━━ Given information
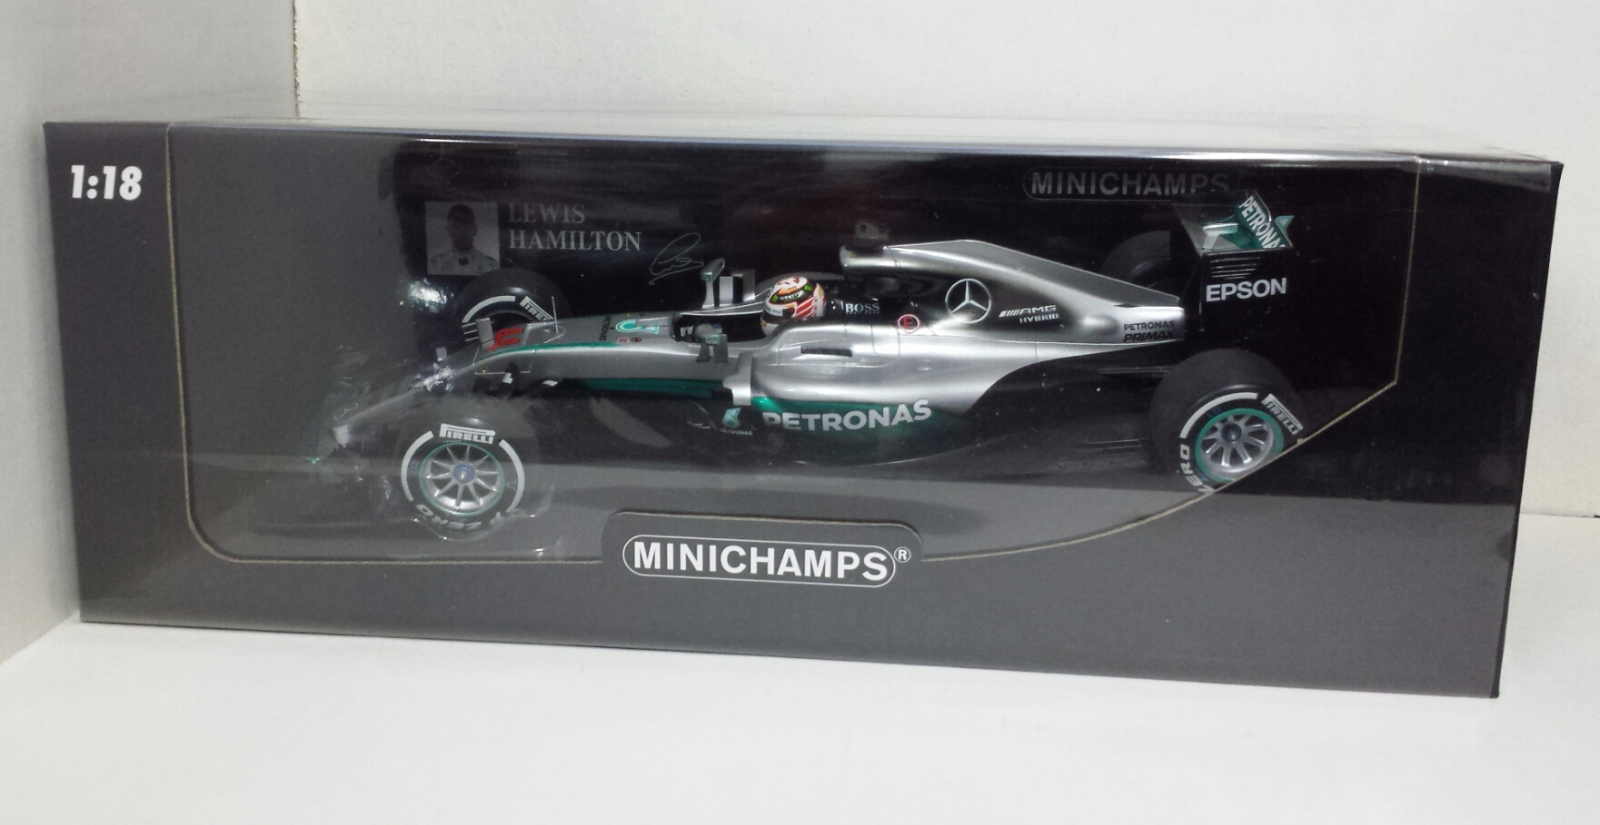 MINICHAMPS LEWIS HAMILTON 1 18 MODELLINO MERCEDES F1 W07 GP AUSTRALIA 2016 NEW
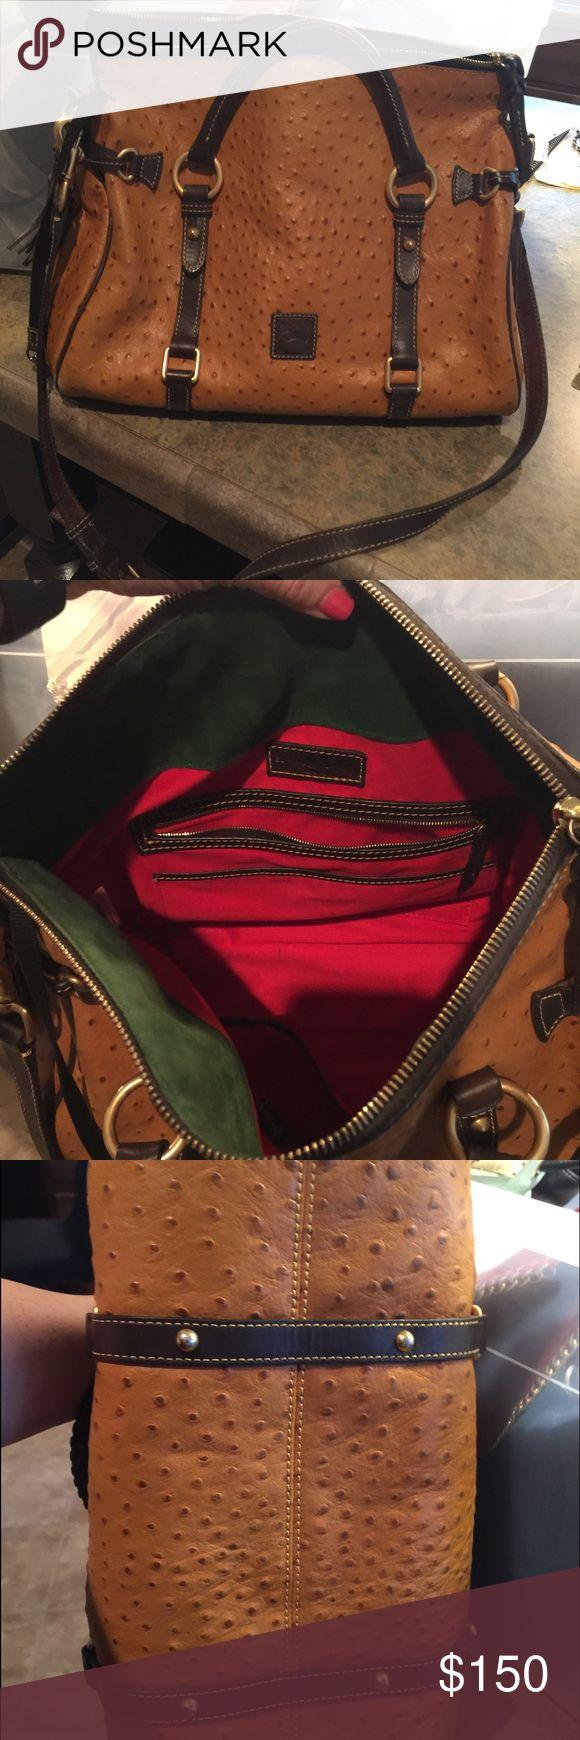 Dooney & Bourke large ostrich handbag Gorgeous bag. Excellent condition Dooney & Bourke Bags Crossbody Bags
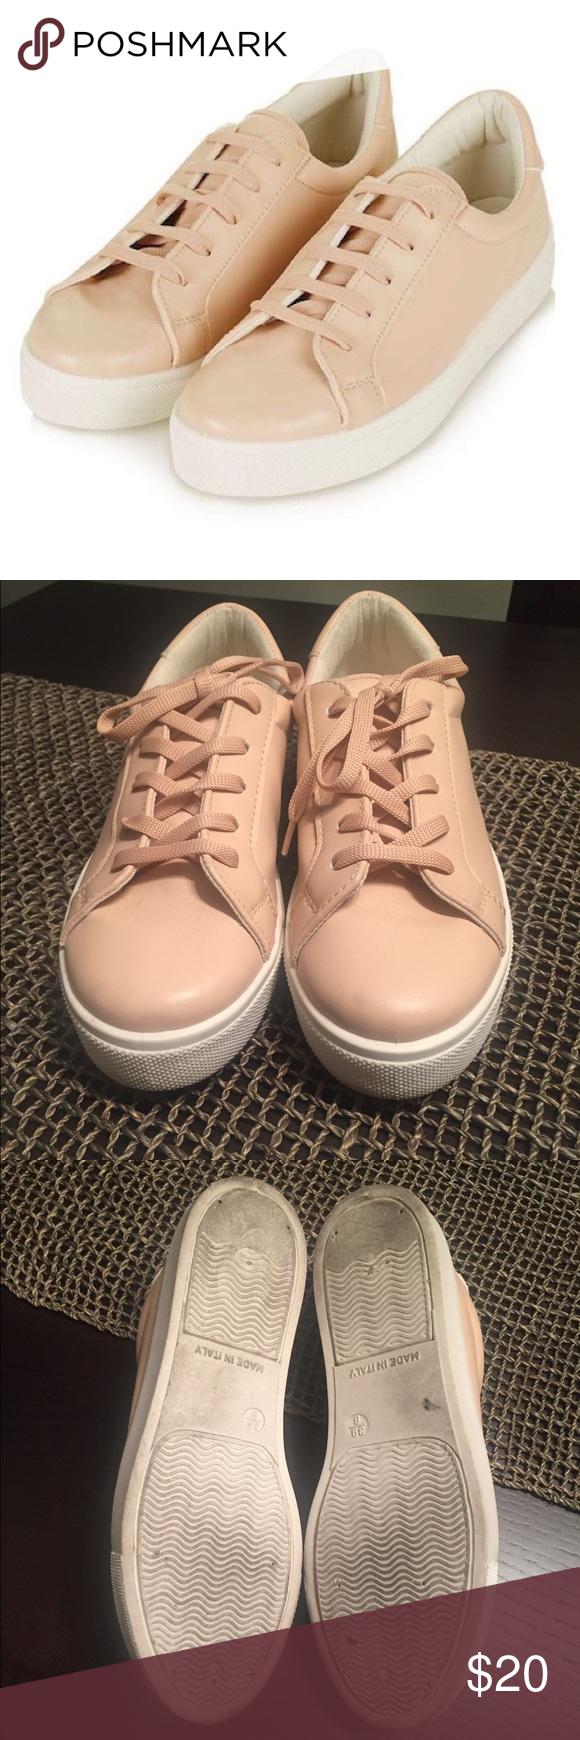 Topshop Blush platform sneakers Blush color topshop faux leather sneakers Topshop Shoes Sneakers
━━━━
* Exercise goal
Copy the material shown above in full and exactly. Skip the pictures.

* Solution for this problem
 MINICHAMPS LEWIS HAMILTON 1 18 MODELLINO MERCEDES F1 W07 GP AUSTRALIA 2016 NEW
 Dooney & Bourke large ostrich handbag Gorgeous bag. Excellent condition Dooney & Bourke Bags Crossbody Bags
 Topshop Blush platform sneakers Blush color topshop faux leather sneakers Topshop Shoes Sneakers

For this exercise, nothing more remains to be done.